Rappelons que, dans des pays comme la Hollande et l’Allemagne, toutes sortes d’organisations idéologiques -catholiques, protestantes, socialistes, bolcheviques, anarchistes, syndicalistes...- sont présentes dans le mouvement ouvrier. Peu ou prou, elles reposent toutes sur la notion de lutte des classes. Pourtant, elles ne coïncident pas entre elles, ni en ce qui concerne leurs théories, ni leurs tactiques ni leurs actions. Quelle valeur pouvons-nous alors accorder à ceux qui prêchent l’unité ouvrière au-dessus des hommes et des idées ?

Il n’est pas nécessaire de chercher d’autres exemples en Europe pour démontrer la tromperie de la politique unitaire. Dans les Amériques, toutes les nuances du mouvement ouvrier sont également représentées. Le courant internationaliste s’exprime dans deux tendances principales : autoritaire et libertaire.

Nous, anarchistes d’Argentine, luttons pour donner au mouvement ouvrier une traduction anarchiste.

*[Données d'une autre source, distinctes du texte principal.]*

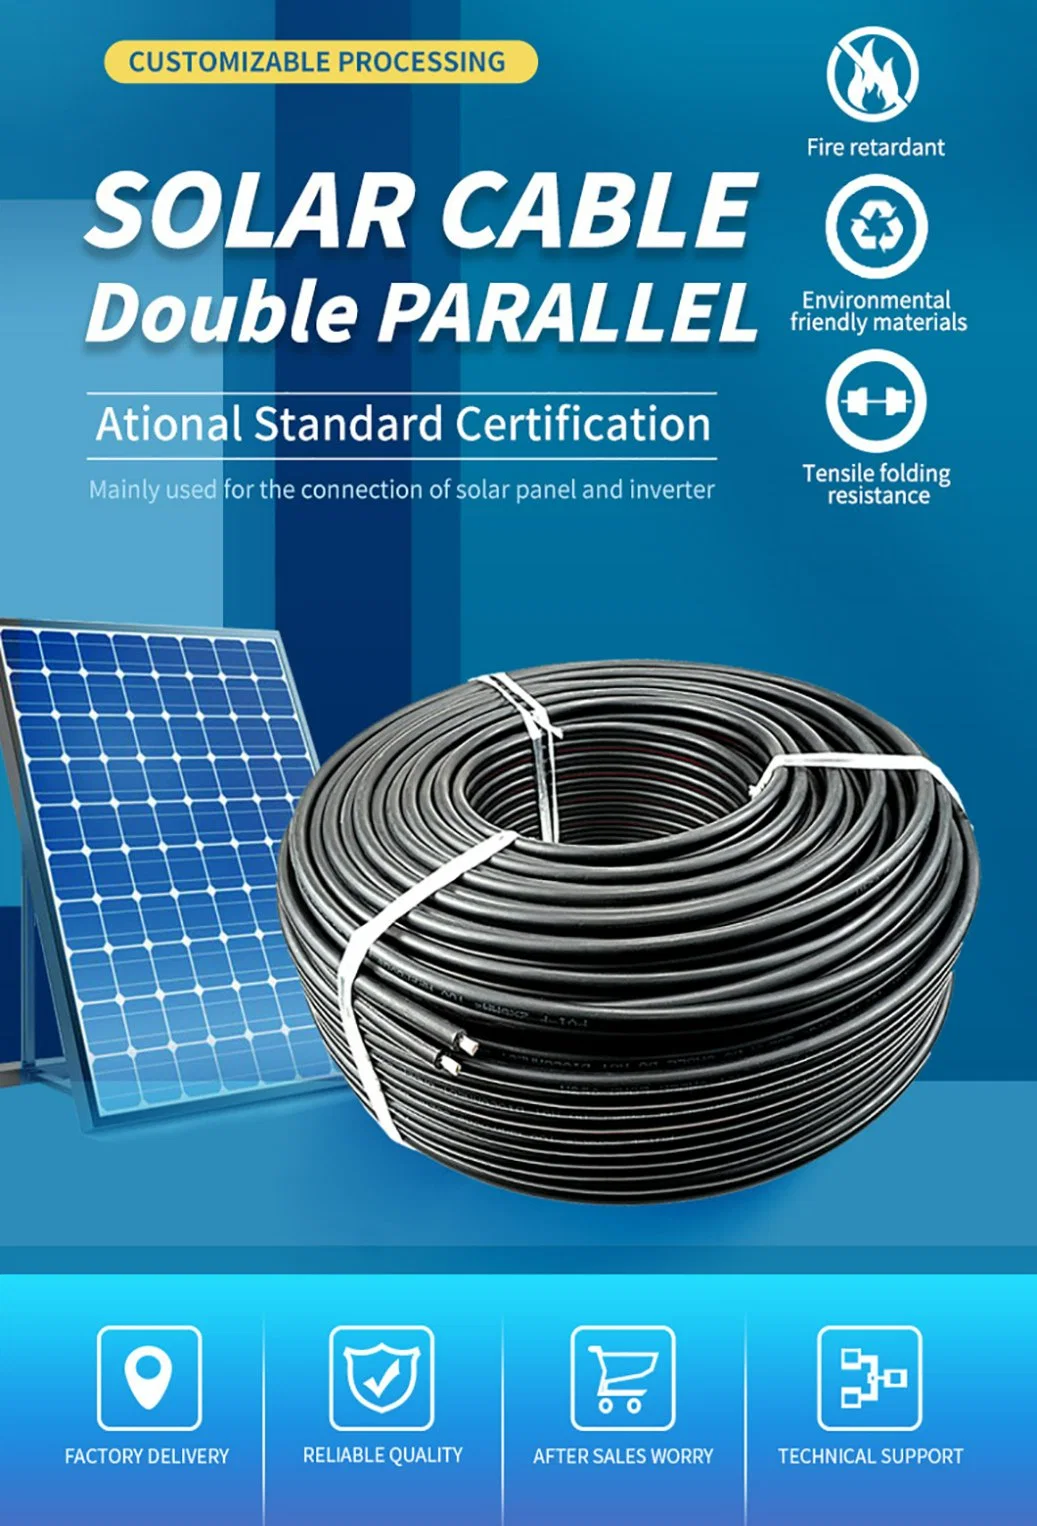 TUV Certification 1000V DC Copper Twin Core PV1-F 2X10mm2 10 mm Electric Wire PV Solar Cable

Nous ne nous obstinons pas à méconnaître la réalité ou à tordre les faits pour qu’ils correspondent à de vagues chimères unitaires. Nous n’avons pas non plus une politique de conciliation envers les ennemis occultes ou déclarés de l’anarchisme. C’est pour cela, qu’outre le danger capitaliste, nous soulignons la dangereuse tendance que constitue l’autoritarisme marxiste ainsi que la propension des syndicalistes neutres à confondre le fond du problème avec ses aspects contextuels.


Il n’y a rien de plus opposé à la réalité du mouvement ouvrier révolutionnaire que la théorie unitaire. Le concept d’unité ouvrière exprime l’amalgame d’hommes liés par nécessité et par un précaire instinct de défense. Elle serait un fait si chaque individu dépendait d’un intérêt commun et dépasserait les passions et les égoïsmes particuliers. Mais, comme le progrès social est caractérisé par les particularités, ou plus exactement par l’individualisation, comme il se déroule moyennant un développement partiel des capacités et pas en suivant un processus uniforme de sélection de classe, il en résulte que les classes économiques ne rentrent pas exactement dans les petites cases prévues par les théologiens marxistes.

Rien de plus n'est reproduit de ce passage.